We are currently seeing a large DDOS attack this morning affecting multiple customer websites. DDOS stands for Distributed Denial of Service. Unlike a single-source DoS, a DDOS uses many source IPs at once, so blocking one address does not stop the attack.
How this attack works
These attacks do not require a server or network vulnerability. Attackers overwhelm resources with legitimate-looking requests to exhaust CPU, memory, connection slots, or packet-handling capacity. Imagine a PO box that receives so much bulk mail in one day the post office must start returning mail because there’s no room — that’s what a DDOS does to a server.
This is what tipped us off:

What we observed
Typical VLAN traffic averages about 35 kbps. During the attack we saw interfaces stuck at 4+ Mbps, which is alarming even though the network can carry more than 10 Gbps. The problem here is packets-per-second that strain routers, not raw bandwidth. If we weren’t using octa-core routers and modern edge filters, some services would have dropped.

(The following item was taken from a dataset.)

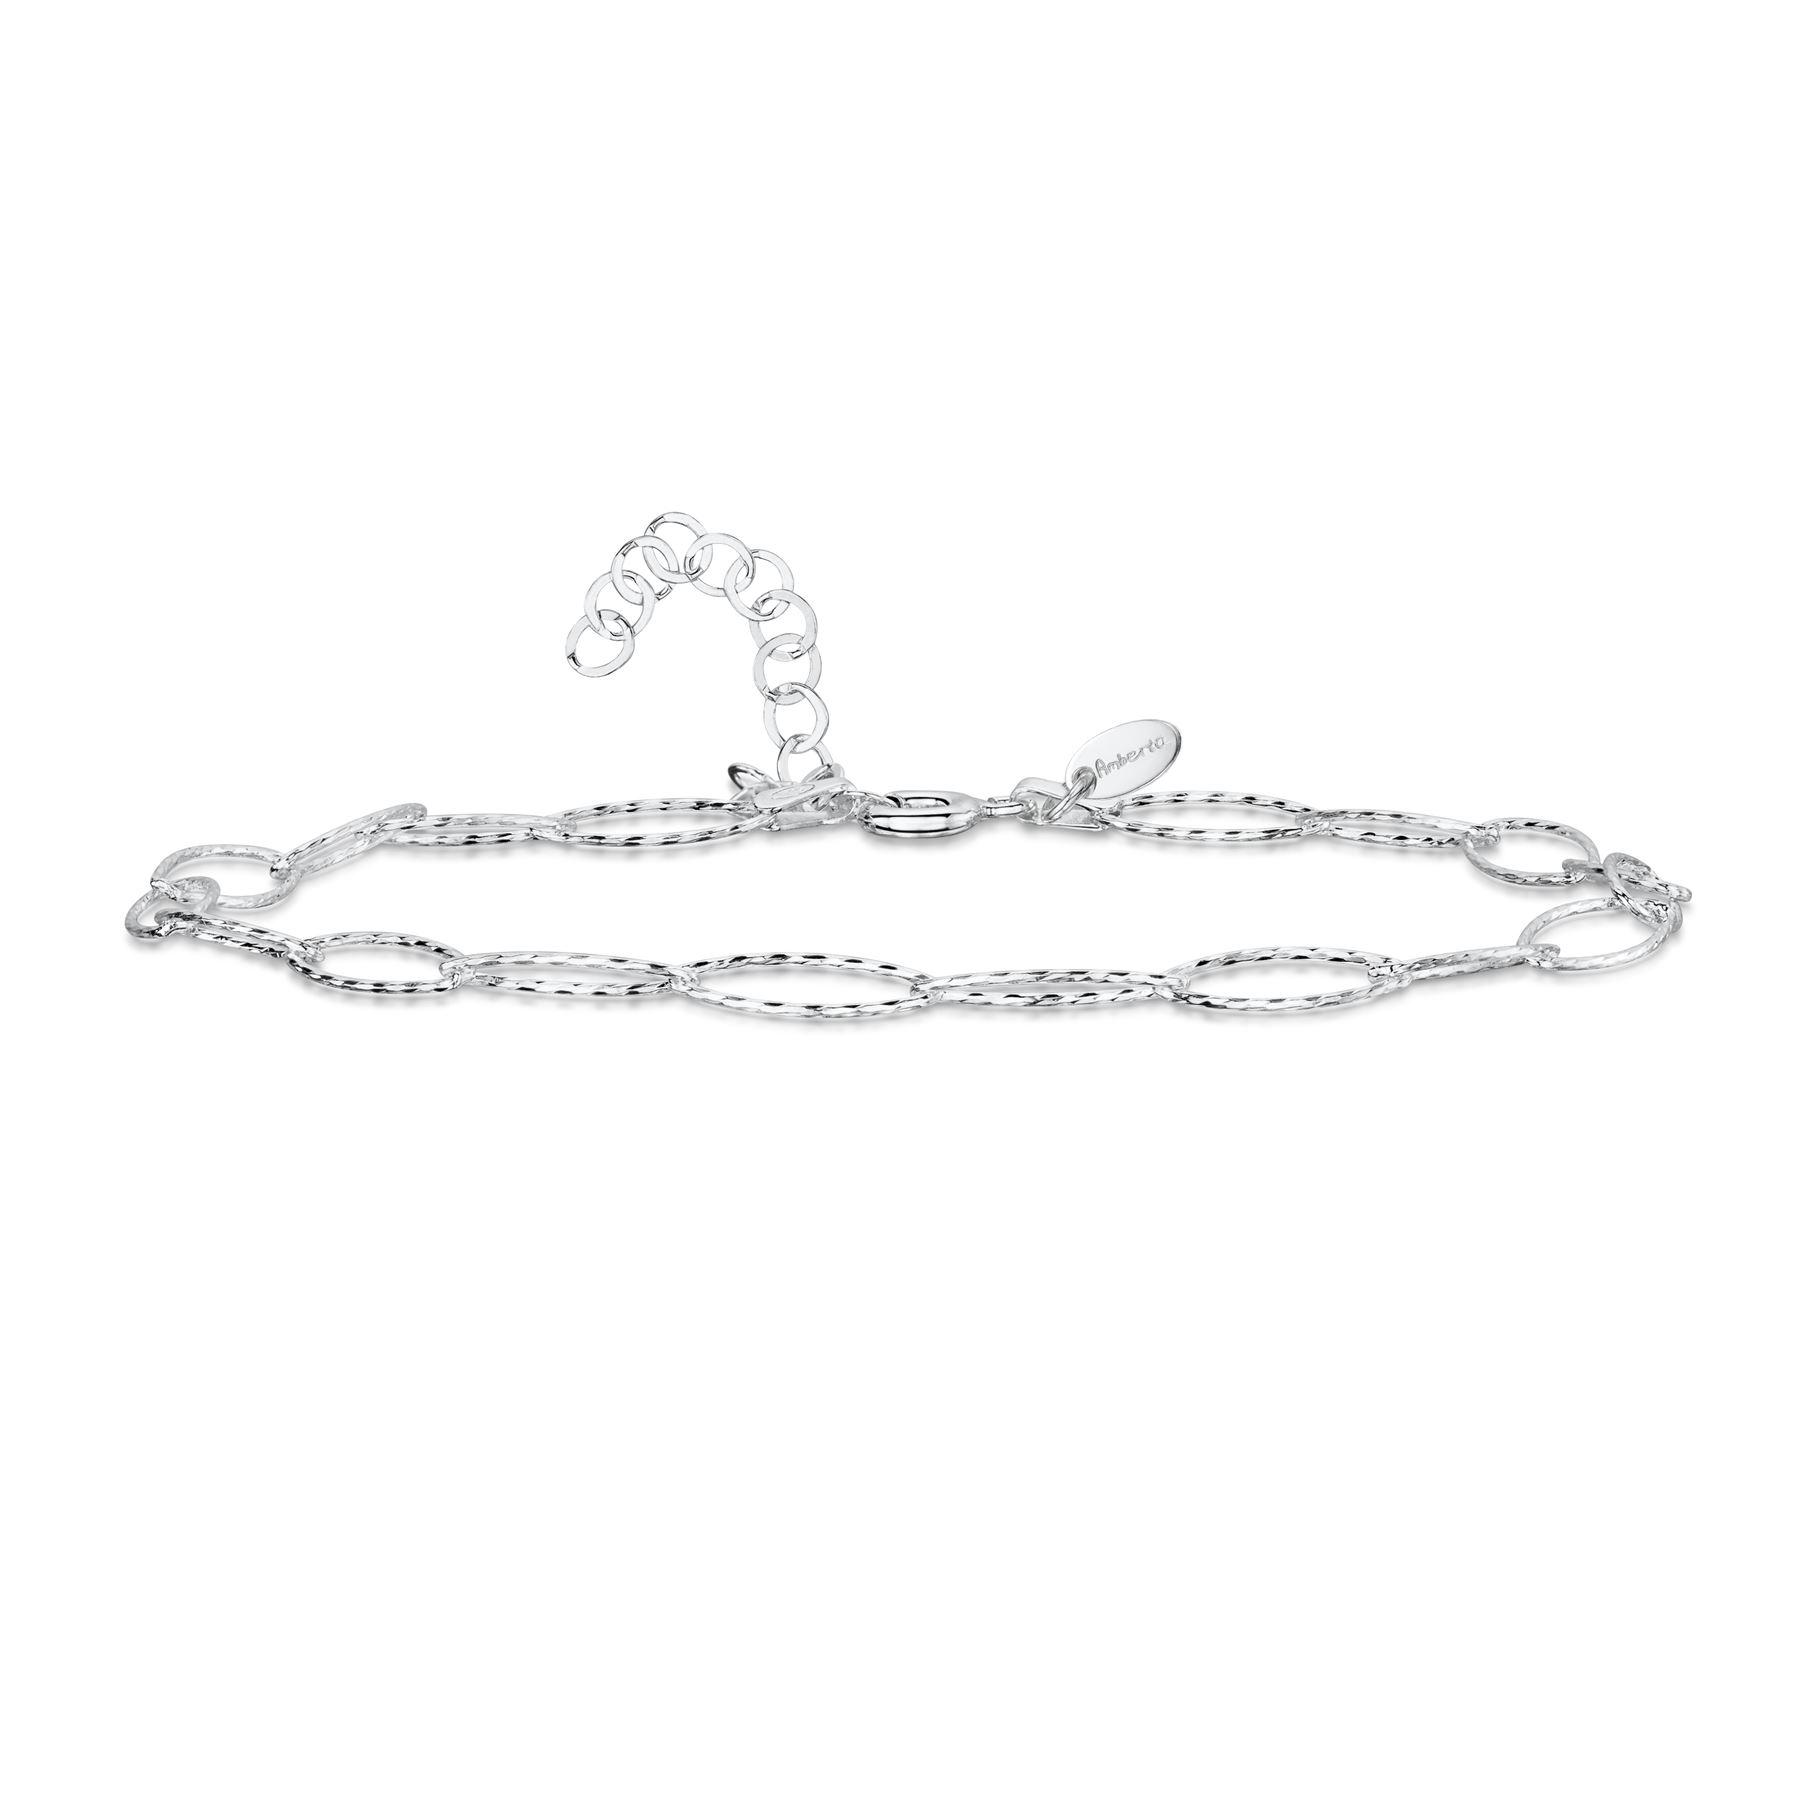 Amberta-Jewelry-925-Sterling-Silver-Adjustable-Anklet-Foot-Bracelet-for-Women miniature 53

All traffic used user-agents reporting Mac 11 and Chrome 87, which we believe are forged. The bulk of requests originated from IP ranges in China, with occasional sources in the U.S., EU, and Russia. Right now they appear to be targeting an American Christian church site for bandwidth exhaustion.
On other sites, such as an office furniture site, attackers retried repeatedly over several hours to force downtime:

Mitigation status
So far we have mitigated the attack and it has not grown in strength. We have seen short bursts since it began, but upstream filters and our edge rules have been effective.

We have collected more than 11,000 IPs making blanket requests. As upstream providers apply filters, the attackers’ effectiveness drops and the attack eases.

The attack pattern looks random across subnets and networks. It does not appear to target a specific site type beyond being U.S.-focused.
UPDATES
5:46 am: Our upstream providers report this may form part of a larger campaign meant to strain United States internet infrastructure. They see similar attacks across many customers.
5:52 am: We have almost entirely neutralized the initial DDOS surge.

11:00 am: Attackers shifted to Slowloris-style tactics, attempting to hold many slow connections and strain servers at the application layer. We adjusted timeouts and connection handling and again mitigated these attempts. The transition is visible below:

3:35 pm: Issue closed. Attacks have ceased and we do not expect further impact to our services at this time.
We will continue to monitor traffic and remain in constant contact with upstream providers. If anything changes, we will post updates here.